Cardinal Paul Shan Kuo-hsi went to the Matsu Islands last week, a former military zone a few nautical miles off the coast of China’s Fujian province but more than 100 nautical miles from Taiwan itself, to speak about peace and love.

Matsu is the closest the 89-year-old cardinal could get to the mainland after Beijing denied him the chance of visiting his birthplace by refusing him a travel permit in June.

During his Matsu visit, Cardinal Shan, retired bishop of Kaohsiung, gave a speech on life to about 400 residents, military officers stationed there and other guests.

He also joined a dialogue with Buddhist Master Hsing Yun and Chen Chang-ven, president of the Red Cross Society of Taiwan, on “Charity and Peace” which preceded the opening of an international peace forum on August 25 hosted by the Lienchiang county government.

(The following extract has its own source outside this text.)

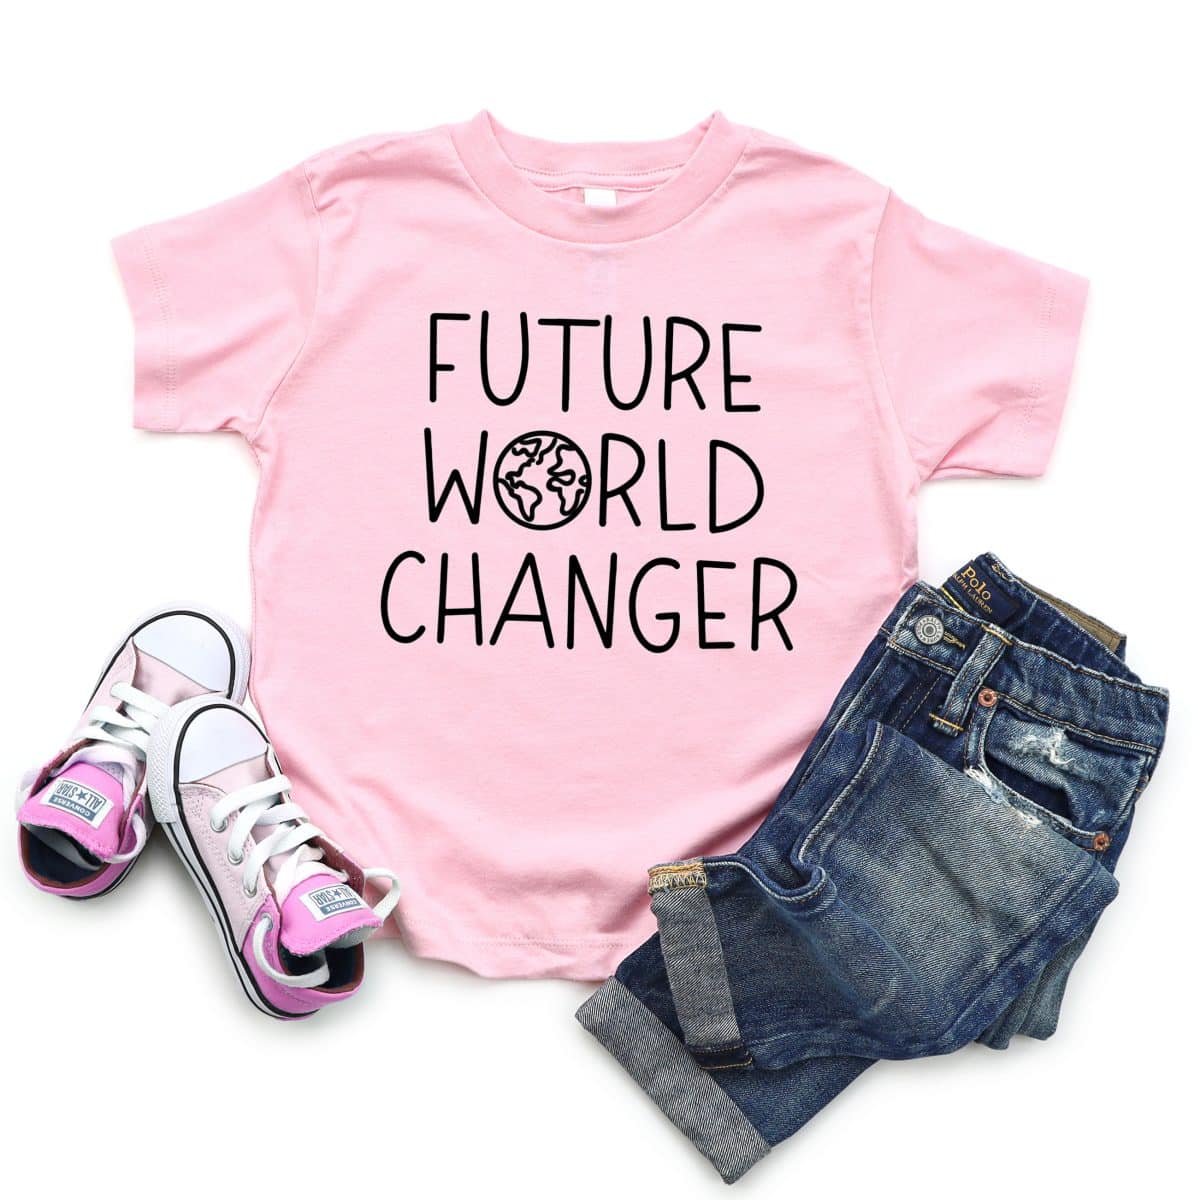 Future World Changer Shirt by Kara Creates

“Charity seems to have nothing to do with peace but it is a foundation for it. It is a medicine to eliminate destructing factors to peace, such as selfishness, arrogance and greediness,” Cardinal Shan said during the dialogue.

Lienchiang county has two administrations: the mainland part (Lianjiang), controlled by the People’s Republic of China, and Matsu, the offshore part controlled by Taiwan.

Matsu became an important frontline military base in 1949 when the Nationalist government retreated to Taiwan from mainland China.  Military control was lifted in 1992 but the scars of war that still remain there remind the Taiwan people why peace should be maintained.

In 2001, as cross-straits relations began to improve, Matsu was chosen as the first location for a direct sea transportation link to mainland China.